Improving table support is probably worth putting on the Content-Transform-Team roadmap, but not until after the Parsoid-Read-Views migration.

Event Timeline

The HTML versions of the table elements do get cleaned up by something in PHP today. Today, literal wikitext

<table>
  <tr>
    <th>ABC</th>
  </tr>
  <td>DEF</td>
</table>

gets cleaned up to

<table>
  <tbody>
    <tr>
      <th>ABC</th>
    </tr>
    <tr>
      <td>DEF</td>
    </tr>
  </tbody>
</table>

(You'll notice two cleanings there, which maybe speaks to one of your questions.) And I'd speculate at least tbody addition is generally anticipated, so allowing for explicit tbody et al needs to avoid breaking that old behavior for some lengthy period if not indefinitely. I.e. unless there is a tbody found in the table parsing, MediaWiki should continue to auto-insert these. There are definitely use cases for manually adding explicit tbody (supporting tables where you can collapse multiple parts of the table is a feature request I've heard a few times, where makeCollapsible currently operates on tbody from memory [and now I see where this discussion came from]). I suspect thead would have much the same rationale.
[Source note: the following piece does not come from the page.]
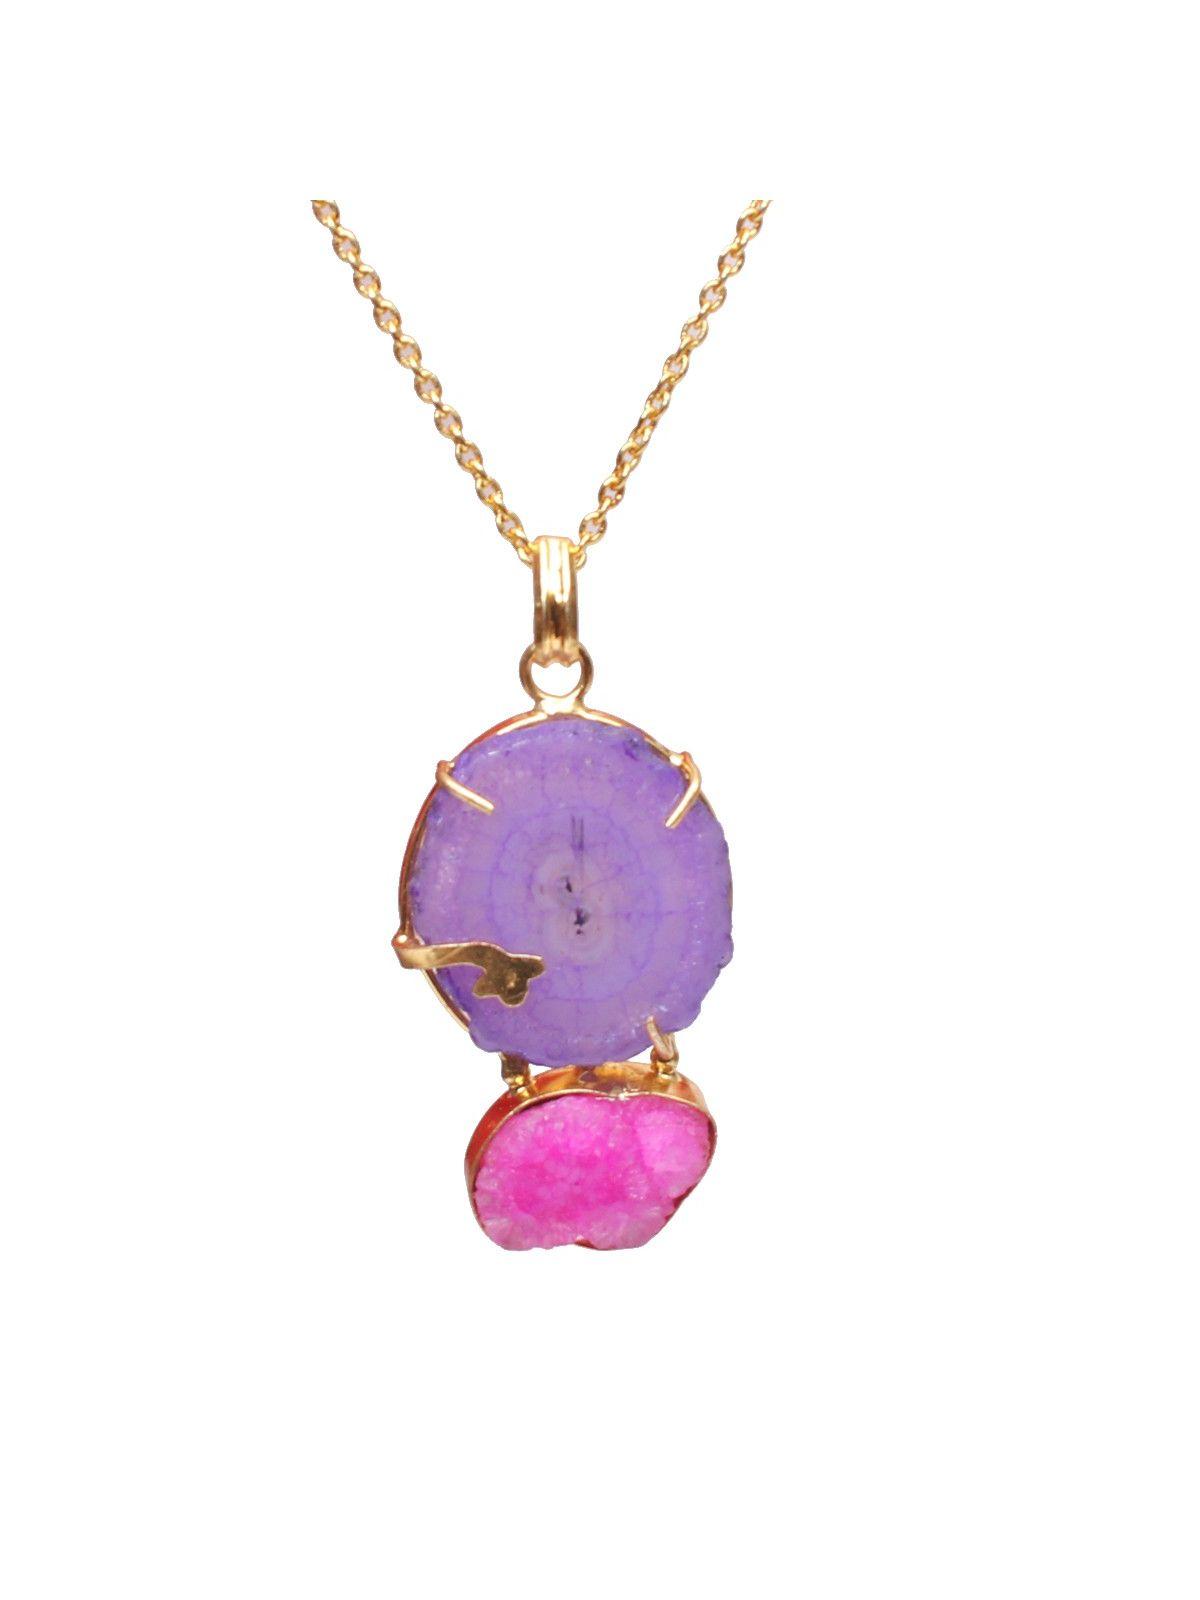 Ultraviolet Venus pendant

There will be interactions with "wikitext" table syntax. What happens if you start a wikitext table with {| and then insert a literal <thead> tag? Is that behavior consistent in Parsoid and the legacy parser, and the exact behavior something we want to support forever? The legacy parser's table-handling is pretty janky (T134469, etc) -- should we try to explicitly disable <thead> and friends if we're not in a "literal HTML" table, so we don't get inconsistencies between the legacy parser and Parsoid?

I know that someone or another from content transform (if not you, probably Subbu) has suggested that literal HTML tables shouldn't play nice with wikitext tables forever and to be honest I'm in favor of that, it's just that we need some sort of linting for it, with associated migration period. This change might be motivation for that given all those questions.

I think we still ultimately need a wikitext syntax for representing these (tfoot and tbody at least I think). Ad hoc wikitables in the wild occasionally have multiple bodies and multiple repeated column heads--hopefully something that can be removed with sticky table headers at some point, and occasionally a full-width table footer most often with a key of some sort (which should be above the table).

Do the <thead> etc elements play nicely with the current WMF skins and article CSS?

As noted, tbody is already injected. thead would need review. The only system that adds it is makeCollapsible.js. We'd have to look to see how many > tr > th stylings there are in the wild that might break if thead were supported. I don't anticipate tfoot as an interesting question.

<caption>, <table summary="..."> and the scope and headers attributes?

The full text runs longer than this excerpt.